I take a lot of selfies, enough so that a friend recently called me “the selfie queen.” My favourite selfie subgenre are the sporty selfies, see below.

Women are often criticized for taking selfies and posting them on social media. Selfies have been said to be narcissistic, self-centred, and a cry for help.

I think that those criticisms miss the mark and misunderstand the full range of motives for taking and posting selfies. For me it’s fun, yes, but it’s also about taking control of my image and being out there, not being hidden, and not being invisible.

I even started to write a paper defending the much derided selfie.

Here’s my title and abstract.

“Look at Me!”

Fighting invisibility: A defense of the midlife “selfie”

 

Women of my mother’s generation often have very few pictures of themselves. They might have owned personal cameras but they usually played the role of the photographer, documenting both significant life events and everyday activities, of their families. In midlife many women experience the phenomena of becoming invisible. Valued primarily for their looks, in societies that prize youth, older women seem to recede into the background. Judging by my Facebook newsfeed those days are over. While much of the media angst and anxiety about “selfies” concerns young women, usually teenagers, this paper looks at the other end of the spectrum, at the phenomena of the midlife selfie and the middle aged woman’s quest to be seen.

I’m not alone, a feminist defending the selfie. See Alison Reiheld’s “Unamused by My Erasure”: Feminist Selfies and the Politics of Representation.

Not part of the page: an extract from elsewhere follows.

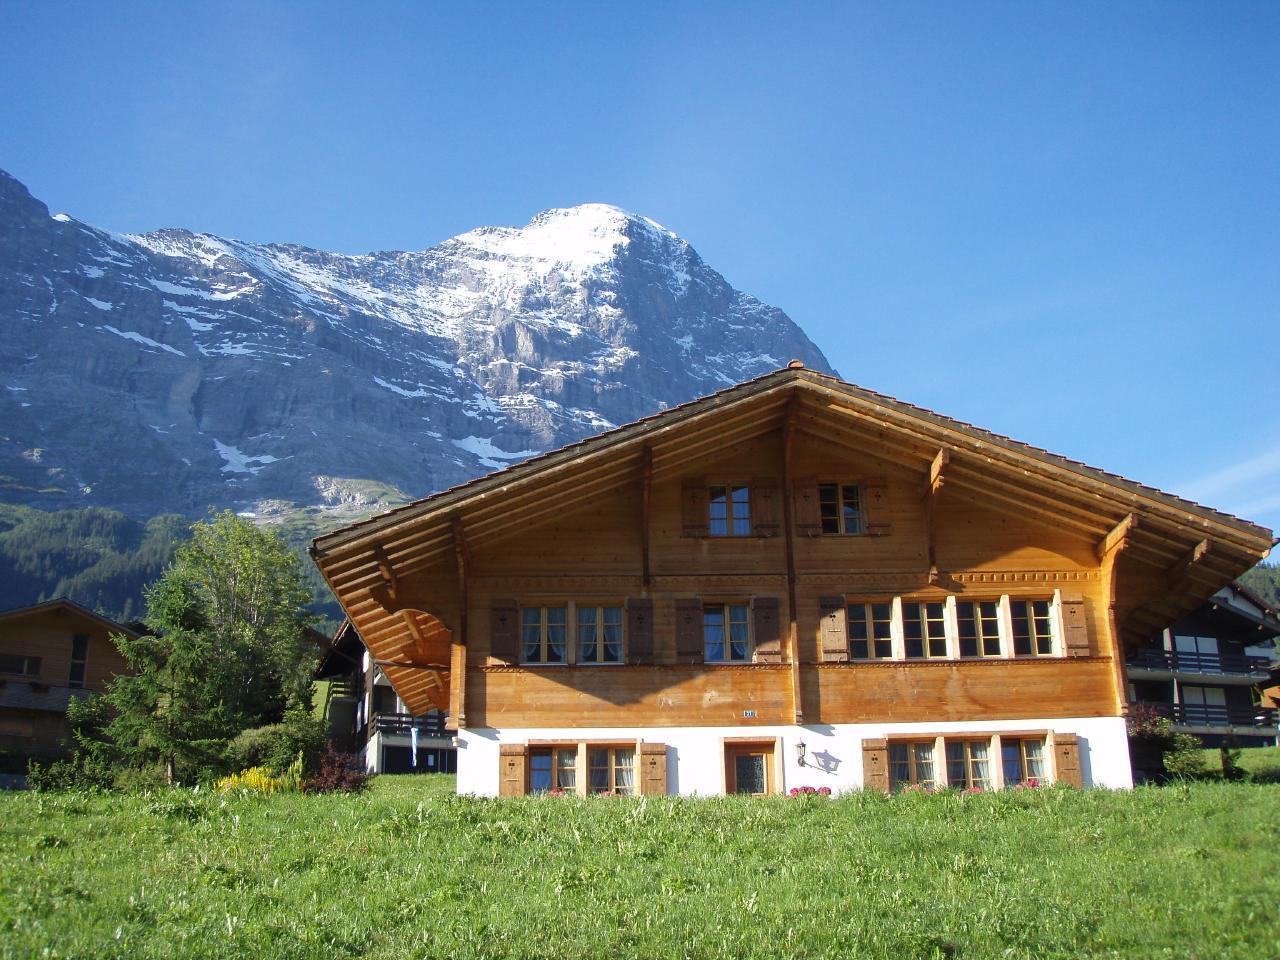 Appartement de vacances Asterix 2 Bett Wohnung (2691730), Grindelwald, Région de la Jungfrau, Oberland bernois, Suisse, image 3

In defense of the hashtag, #feministselfie, Alison writes, “When a beauty norm is tinged with ageism and promotes making oneself appear young, posting a picture of oneself as unabashedly oneself, comfortable at one’s own actual age and in one’s own actual experienced body, is a bold and subjectifying act of self-representation.”

“Even when we are not fat, but are conventionally sized, beauty norms demand a certain texture to our skin, a certain shape to trim bodies.  A competitive runner and model recently discussed her hesitation in posting images of herself modeling at New York Fashion Week with a nearly ideal body alongside images of herself a week later slouching with a stomach pouch and visible cellulite.

When a beauty norm is tinged with athletic idealism, posting a picture of oneself as unabashedly non-ideal, comfortable in one’s athletic and imperfect trim body, is a bold and subjectifying act of self-representation.”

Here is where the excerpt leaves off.